Session 8

Curriculum

Tour de Table

Directed by Yemisi Aribisala and Siddhartha Mitter


Is our humanity enhanced when we share and eat food? Do we see each other better? Embrace others better? The meal is that quintessential setting where we place down our weapons of war, our differences. When the meal is exceptional, maybe with some wine in the equation, we can forget that there is any distance at all between us and others. We relax, laugh, tell stories; and what we carry away from the experience can inform all of living.

This session of RAW Académie centers culinary exchange as a vehicle of creative and civic possibility. The meal is an arrival: it gathers people, but also foodways—the ecologies, economies, and customs that shape how dishes are sourced and prepared, by whom, and with what methods. It is also a point of negotiation. As much as the spread of ingredients and their cooks is an index of cultural contact and cosmopolitanism, taste remains political. From caste to class to empire, taste and its opposite, disgust—le goût et le dégoût—are so often deployed, and so effectively inculcated, in the service of oppression.

Perhaps most of all, we see the meal as a point of departure. Breaking bread, this wonderfully reiterated moment of community and ceremony, opens space and time for exchange. In so doing, it can crystallize ideas, generate projects, and refresh artistic and civic imagination. In a time of moral and ecological crisis, food and the meal engage not only urgent stakes but also possibility—beautiful, vital, liberatory.

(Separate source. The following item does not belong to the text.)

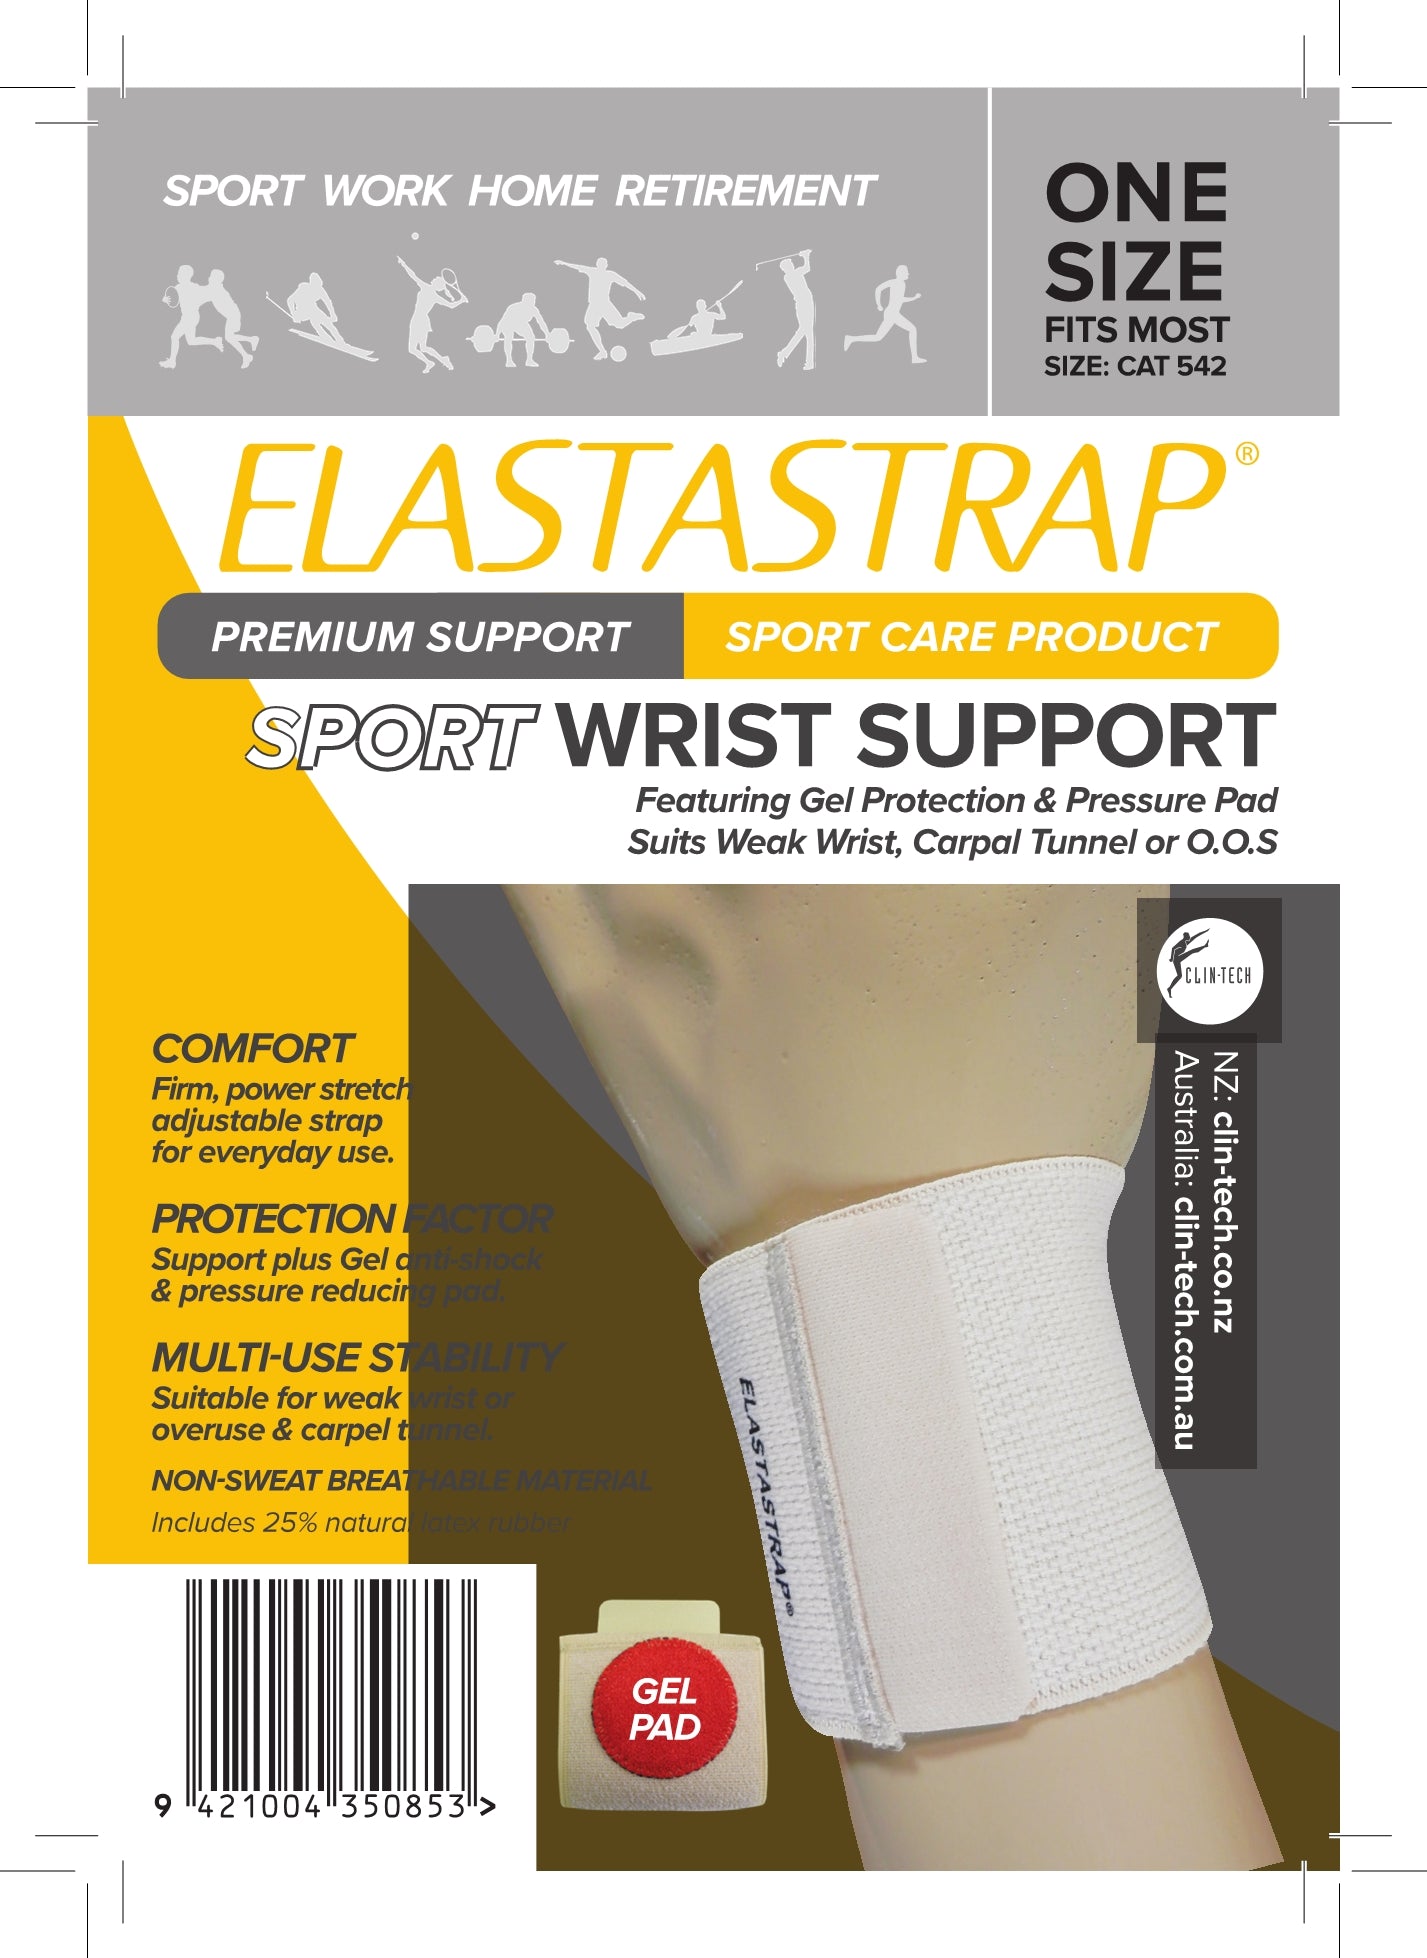 Elastastrap Premium Sports Wrist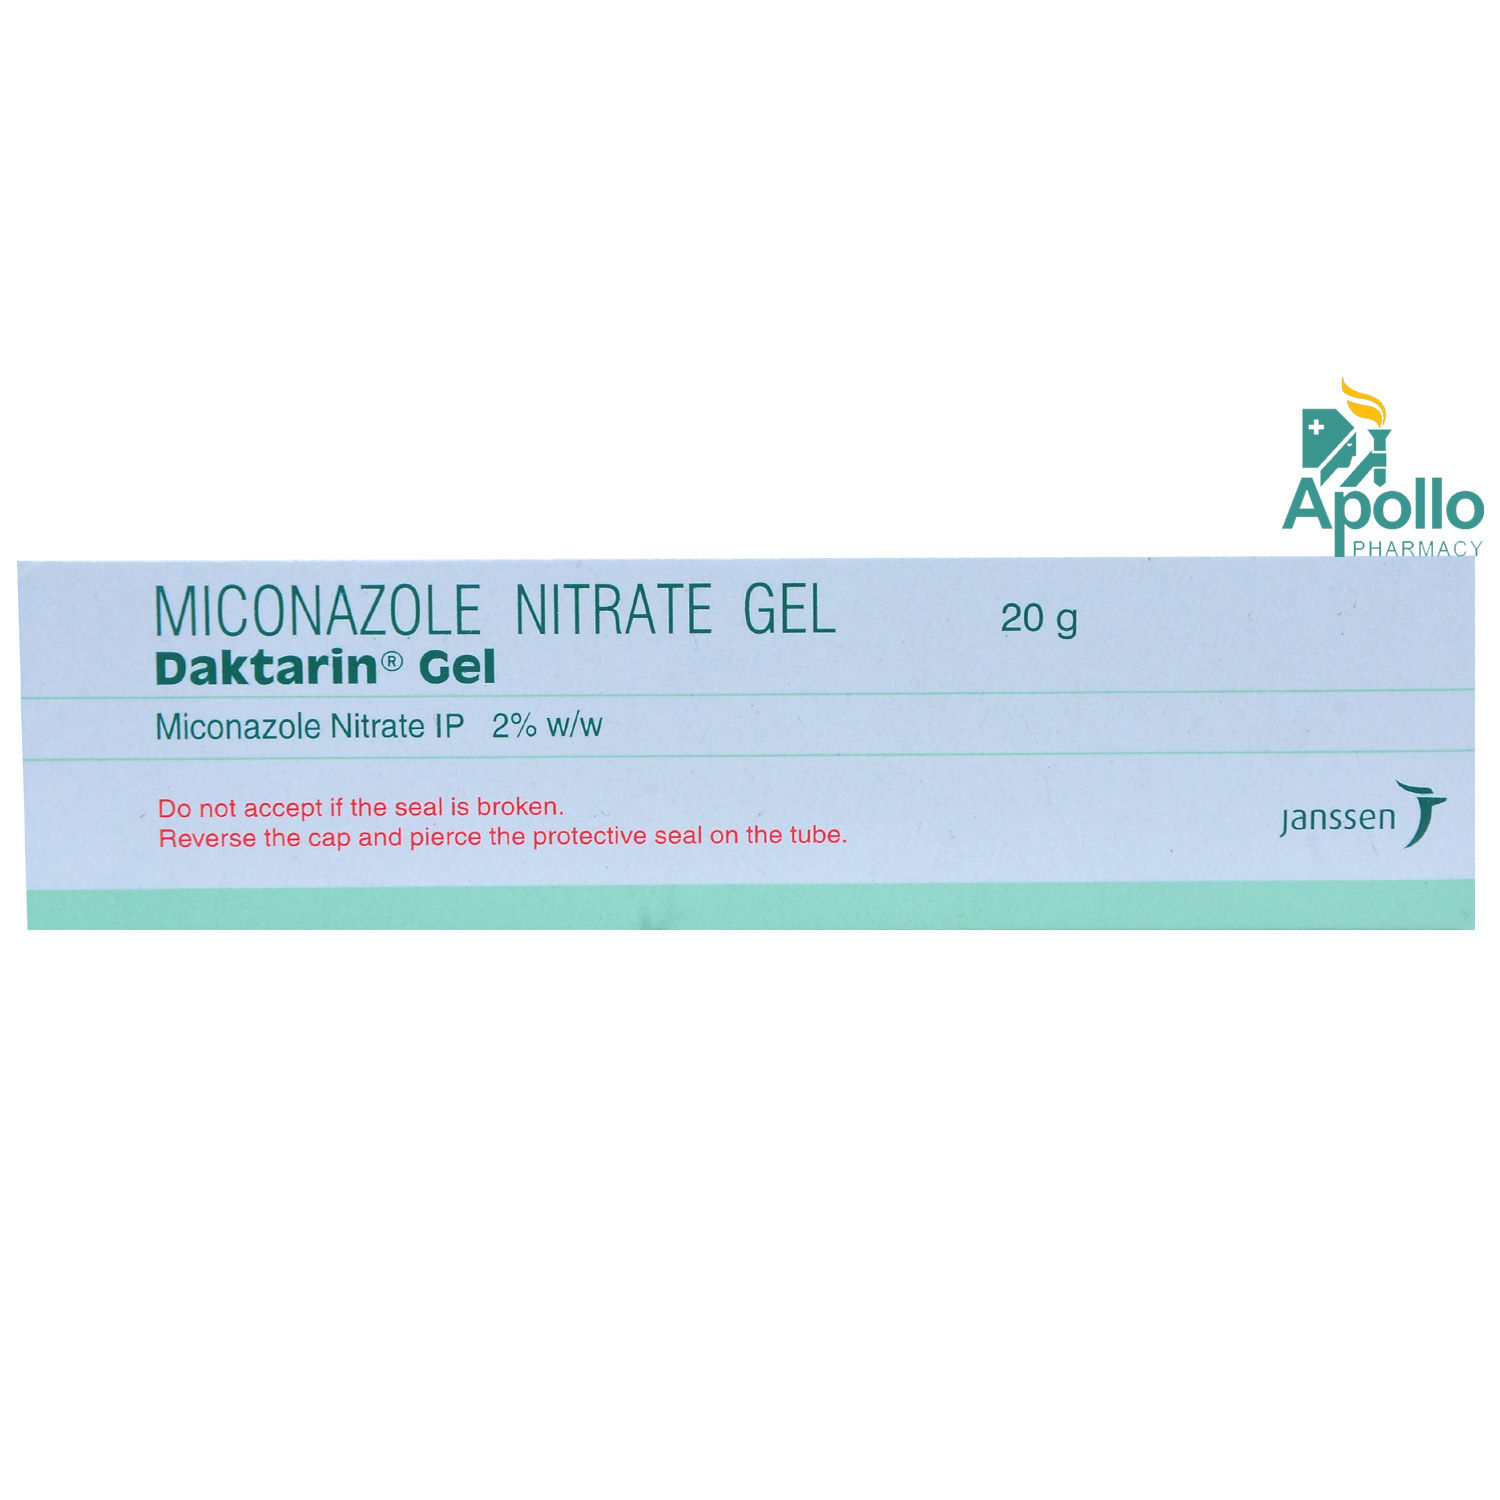 Daktarin Gel | Uses, Side Effects, Price | Apollo Pharmacy

We will gather in this spirit for seven weeks in a specific foodscape, that of Dakar. Like every foodscape, it expresses deep histories but is also in constant evolution under the effect of many factors, local and external. We intend to engage closely with this foodscape and its people, out in the city and beyond—in markets and further up the chain of supply, and in convivial spaces, including the RAW house with its cooks, kitchen, and communal table. As the session’s first three weeks overlap with Ramadan, we will embrace the ethos of the ndogou—the Senegalese name for iftar, the breaking of the fast in community.

The visiting faculty for this session work with food systems, the culture of eating, and conviviality from multiple perspectives. Likewise, we invite applications from prospective fellows in a range of fields and practices—cooks, artists, writers, activists, instigators of cultural situations and spaces—to join together for a time of exploration, mutuality, and nourishment.

Invited faculty will include, amongst others, writers Sharanya Deepak and Jessica Harris, artists and performers Rahima Gambo and Wura-Natasha Ogunji, geographer and food activist Salimata Wade as well as Breaking Bread collective.

Lead Faculty

Yemisi Aribisala

A Nigerian born author and auto-didactic painter, Yemisi Aribisala is best known for her thematic use of food to explore Nigerian stories. Her first book, Longthroat Memoirs: Soups, Sex & Nigerian Tastebuds uses Nigerian food as a literary substrate to think about Nigeria’s culture and society. Longthroat Memoirs won a Gourmand’s World Cookbook award, was shortlisted for the 2018 Art of Eating Prize and won the 2016 John Avery Prize at the Andre Simon Book Awards. Her second book Wait! I’m Bringing a Bird Out of My Pocket, will be published by Chimurenga, Cape Town. She lives in London.

 

Siddhartha Mitter

Siddhartha Mitter is a writer with a focus on arts, art-making, and creative communities in their social and political context. Siddhartha's art journalism appears frequently in the New York Times, Artforum, and other publications. He is a former frequent contributor to the Village Voice, WNYC New York Public Radio, and the Boston Globe, and has written or appeared in numerous other venues. Siddhartha received a Creative Capital / Andy Warhol Foundation Art Writers Grant in the 2017-18 season. He is currently engaged in extensive research and reporting on artist and creative communities and their contribution to expanding civic possibility in major African cities, along with journalism projects in a similar spirit in other places, particularly in the United States. Siddhartha has a personal background in India, the United States, and France, and has worked and traveled extensively in West Africa. He did undergraduate and graduate studies in the political economy of development and related fields at Harvard University. He has worked principally in culture journalism since 2004, and has been based in New York City since 2006.